§ **Task prompt**: With the pictures left out, restate exactly the part below that opens with the line containing "Scrap My Car Evesham" and closes with the line containing "Tie Dye Screen".

§ **Dataset extract**:
::::::::

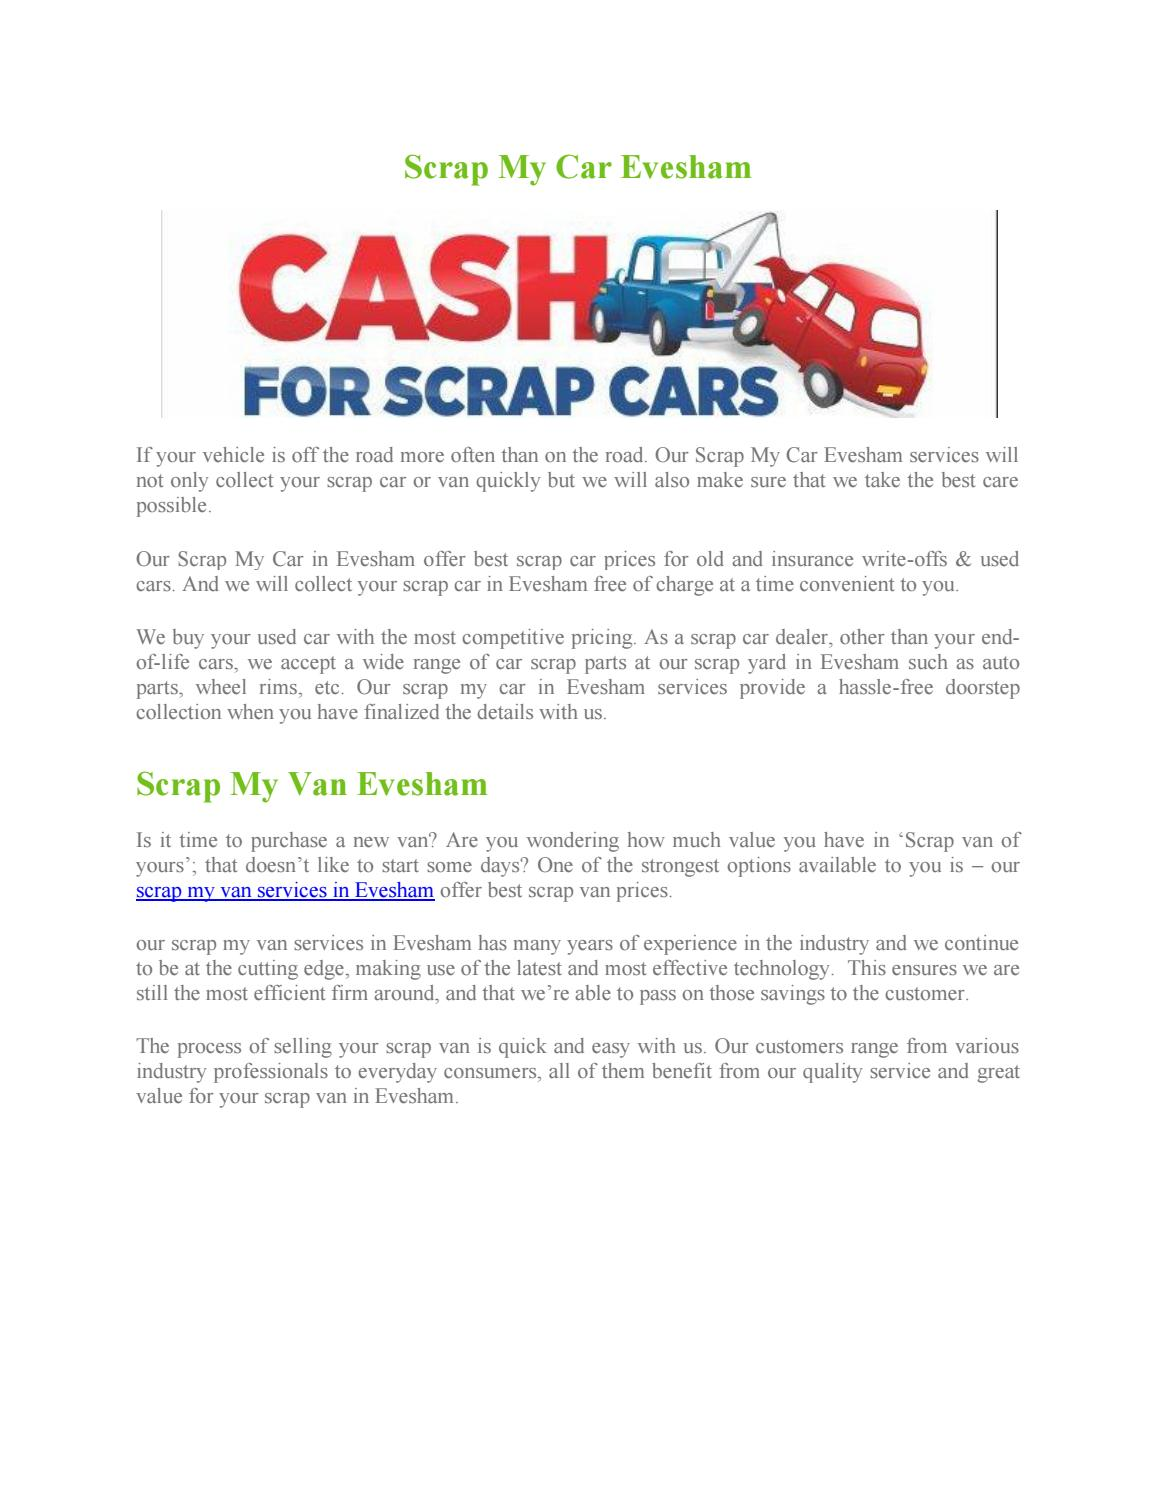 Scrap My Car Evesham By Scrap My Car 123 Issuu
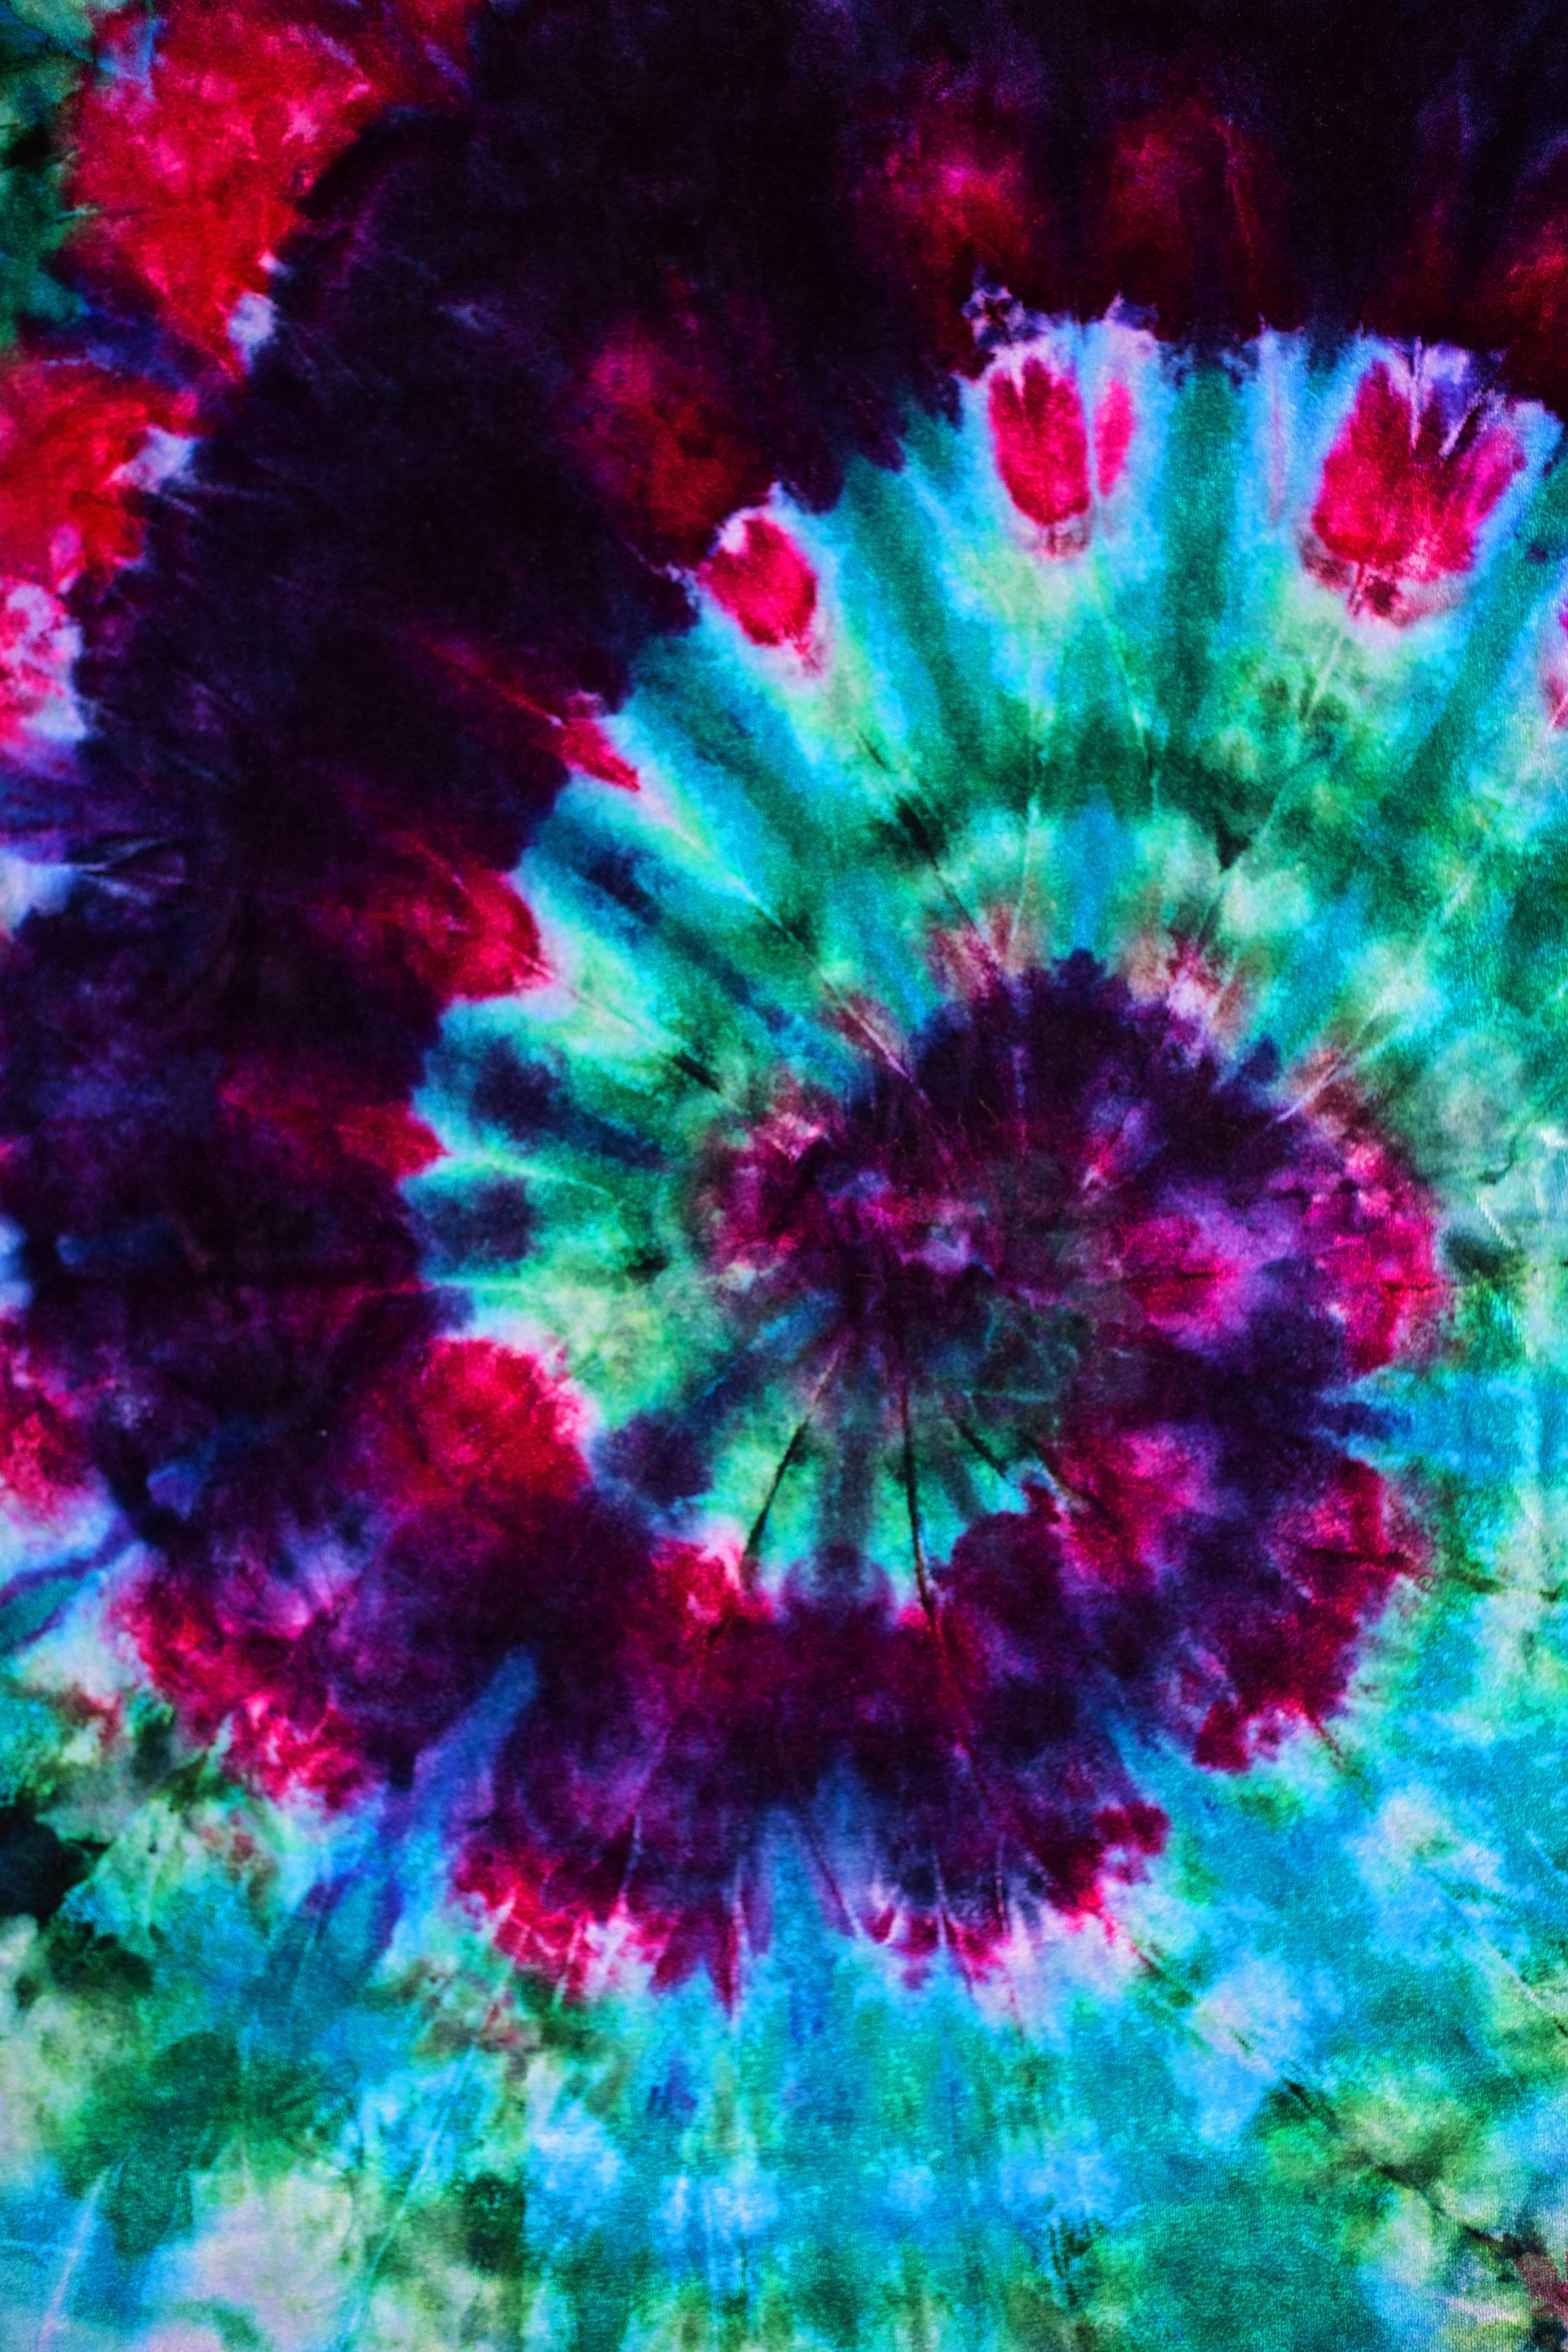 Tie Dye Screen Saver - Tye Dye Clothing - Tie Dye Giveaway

::::::::

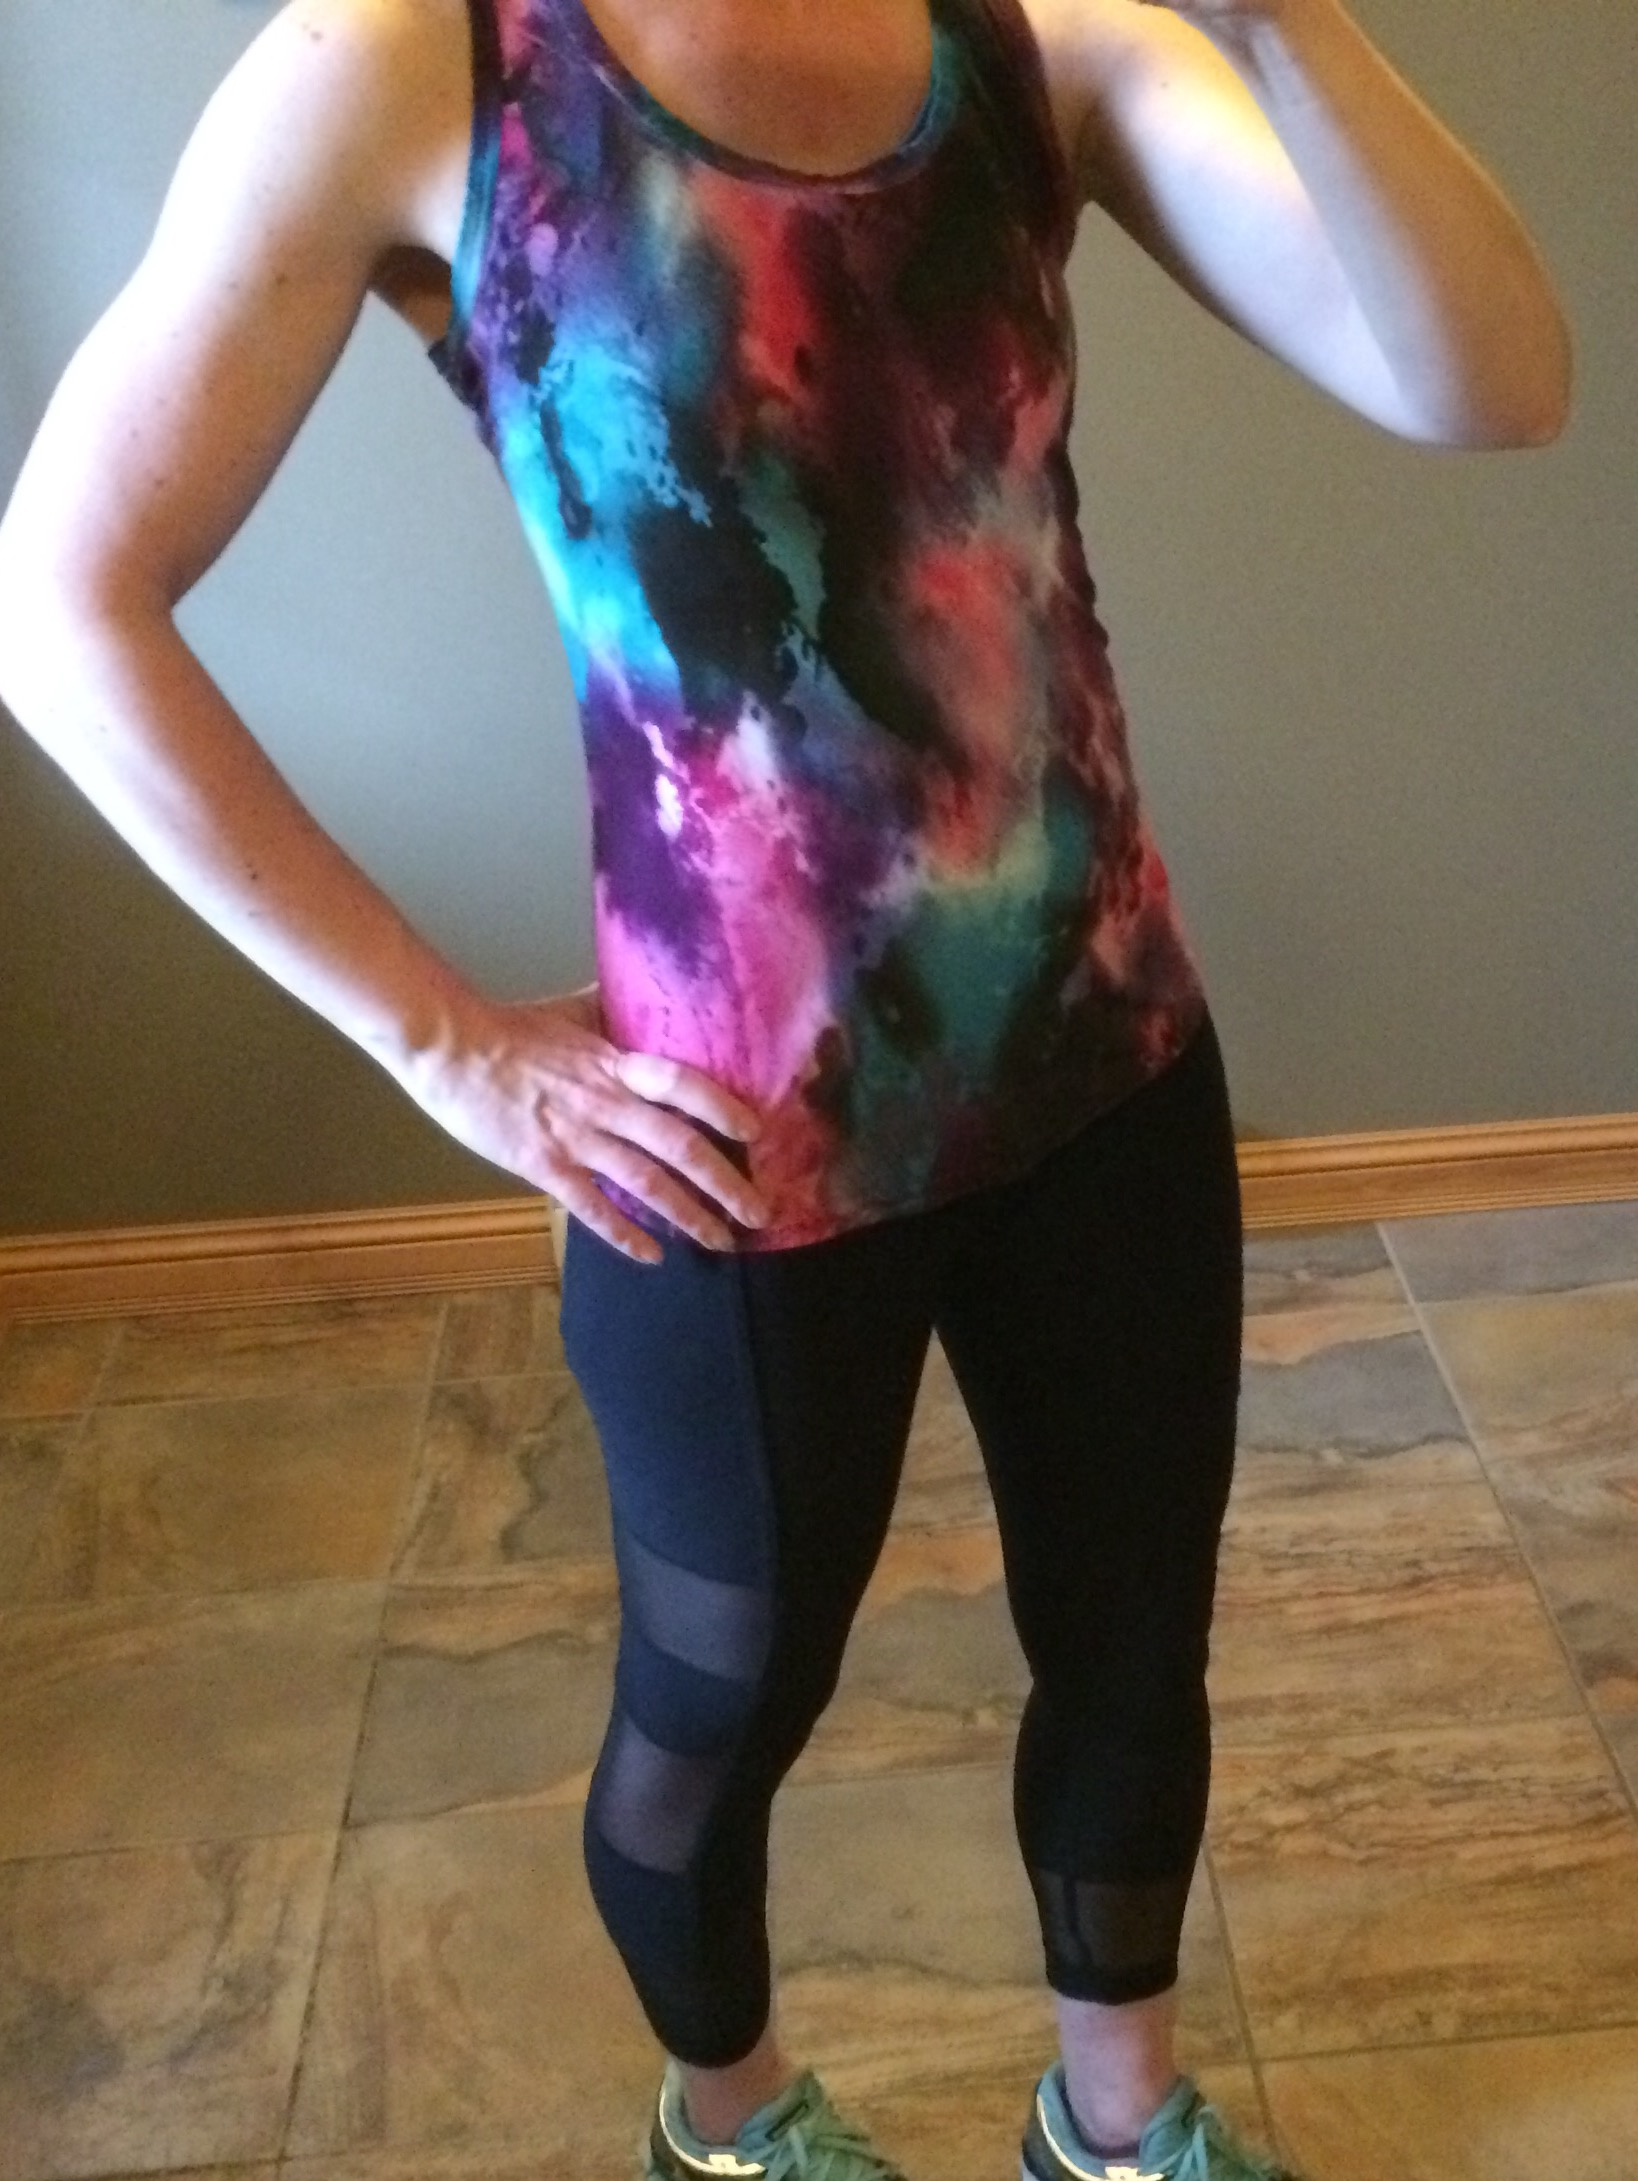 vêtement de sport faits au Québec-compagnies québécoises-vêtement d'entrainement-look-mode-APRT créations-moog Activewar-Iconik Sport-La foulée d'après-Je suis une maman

::::::::

§ **Expected output**:
 Scrap My Car Evesham By Scrap My Car 123 Issuu
 Tie Dye Screen Saver - Tye Dye Clothing - Tie Dye Giveaway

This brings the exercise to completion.